As NFTs and the metaverse emerge as the new face of Web3 gaming, there will be many changes compared to Web2.0. One of the biggest plus points: Now, gamers will be paid to play. Also, every move in Web3 gaming is printed in blockchain and hence, are irreversible.

In a bid to stay ahead of the curve, the company launched Polygon Studios in July 2021 to help big brands and developers launch Web3 games and NFTs on its platform.

Polygon clocked 7x growth in dApp development in the past few months but witnessed the maximum traffic in gaming. According to DappRadar, four out of its top five projects belong to that genre, including Crazy Defense Heroes, Pegaxy, Arc8 and Kill Rich.

The company hired YouTube’s head of gaming Ryan Wyatt in January this year to push this momentum further. As big brands have a strong presence on YouTube, Polygon wants Wyatt to forge good business relationships with them to pursue growth.

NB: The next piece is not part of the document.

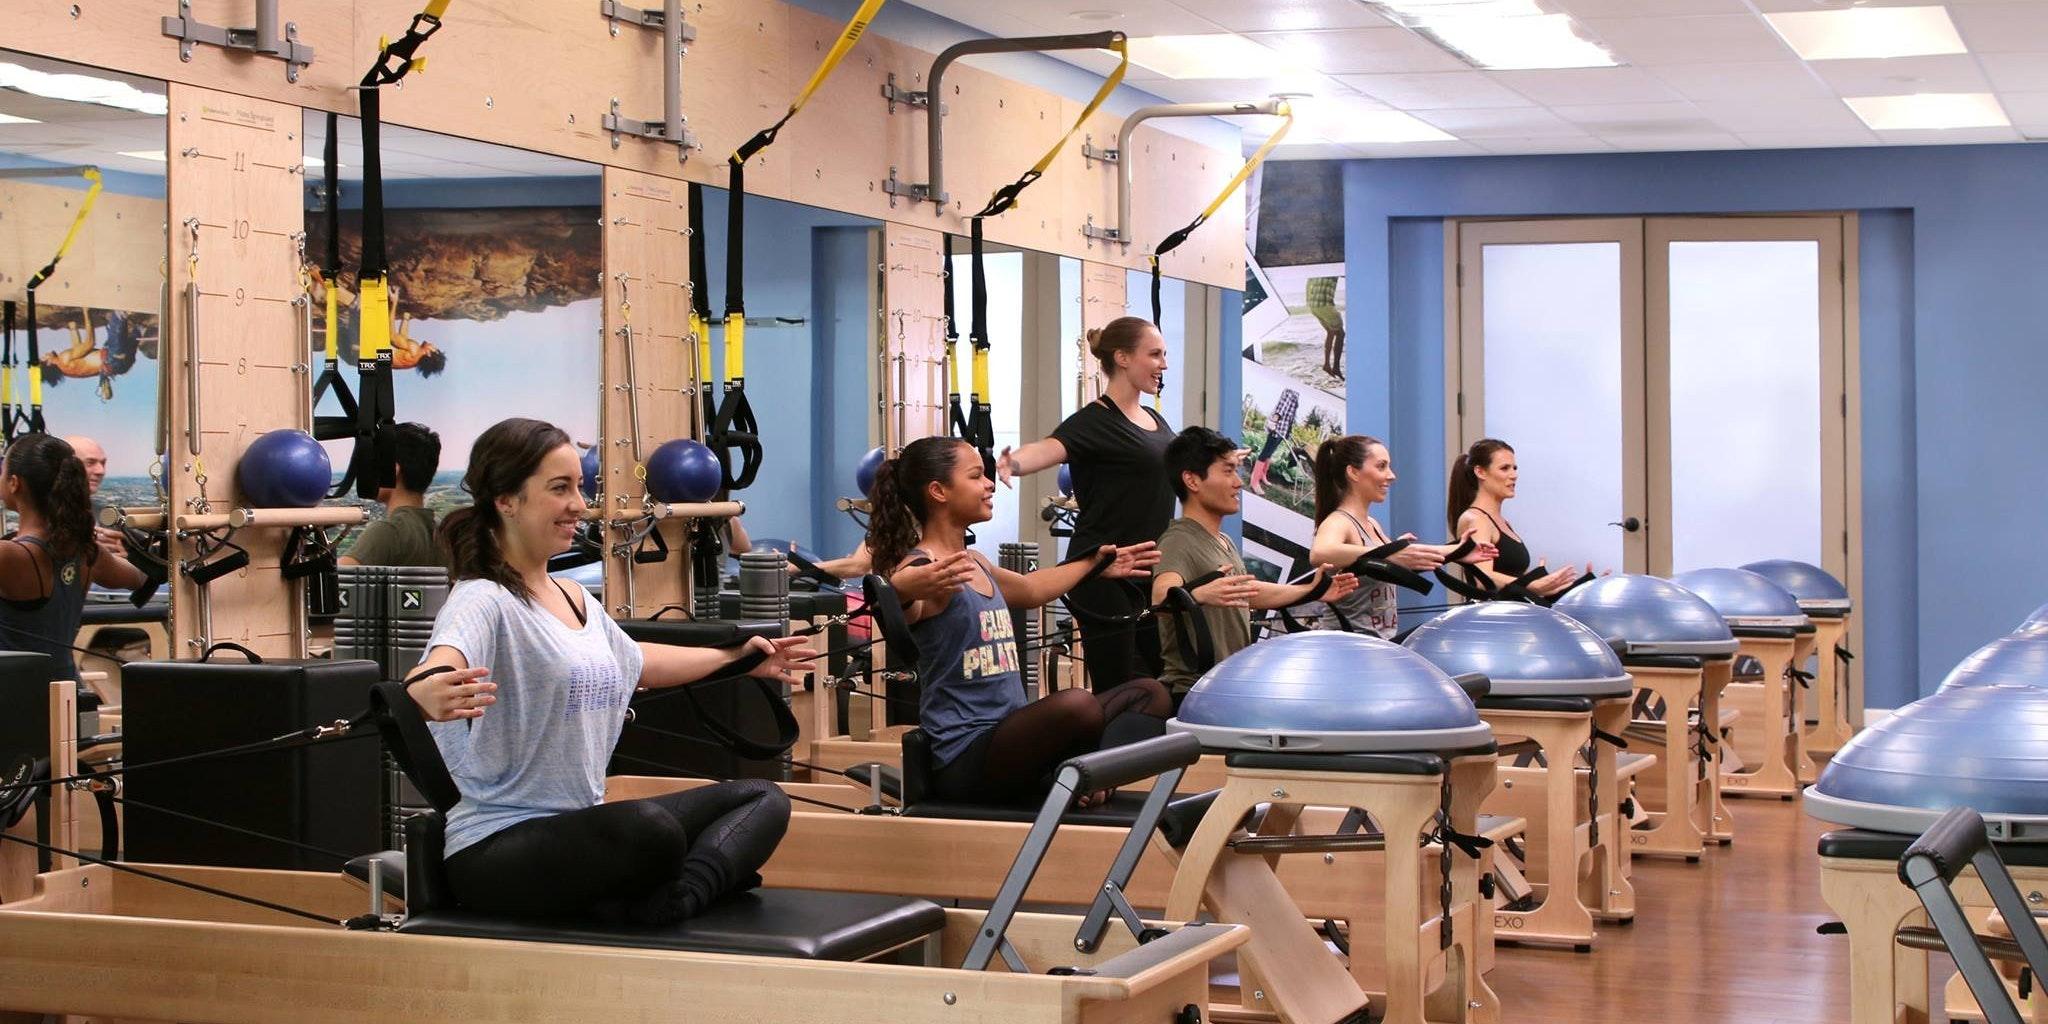 Club Pilates - South Miami

“Ryan has headed gaming at YouTube, where he has done multiple partnerships with gaming companies, studios and players to push gaming on YouTube. He has done multiple contracts and partnerships with big gaming studios, and we need those,” said Nailwal.

Will Ethereum 2.0 End Polygon’s Reign? 

“The platform of choice to build on the blockchain today is Polygon,” Shailesh Lakhani, MD at Sequoia India.

But that is how things stand today.

One of the key reasons why layer-2 solutions exist today is Ethereum’s limited transaction capabilities. But by the end of this year, an upgraded Ethereum 2.0 will come into play, increasing the mainchain’s transaction capabilities to 100K per second. Will that affect Polygon’s business dominance?

Ethereum 2.0 will bring about a much-needed scaling and efficiency upgrade for the blockchain via sharding (splitting a large chain into smaller ones or shards) and the transition to PoS. But according to the Polygon official mentioned earlier, given the rise of DeFi and gaming finance (GameFi), Ethereum 2.0’s throughput may not be adequate to process all the transactions users will throw at it.

Ethereum’s goal to become a ‘world computer’ means it has to process much more than thousands of transactions per second. A case in point is the GameFi space, where developers are already integrating systems that rely on massive amounts of transactions, speed and fluidity for games running 24/7.

Polygon’s role in a world where Ethereum 2.0 exists will be essentially the same as it is now but even more amplified. “Through the use of our sidechains, ZK rollup technology and other horizontal scaling techniques, Ethereum 2.0 can be scaled even further to reach transactions above hundreds of thousands, or even millions, per second,” said the company official.

Eventually, how the potential of blockchain technology pans out will also determine the growth trajectory of Polygon and its ilk.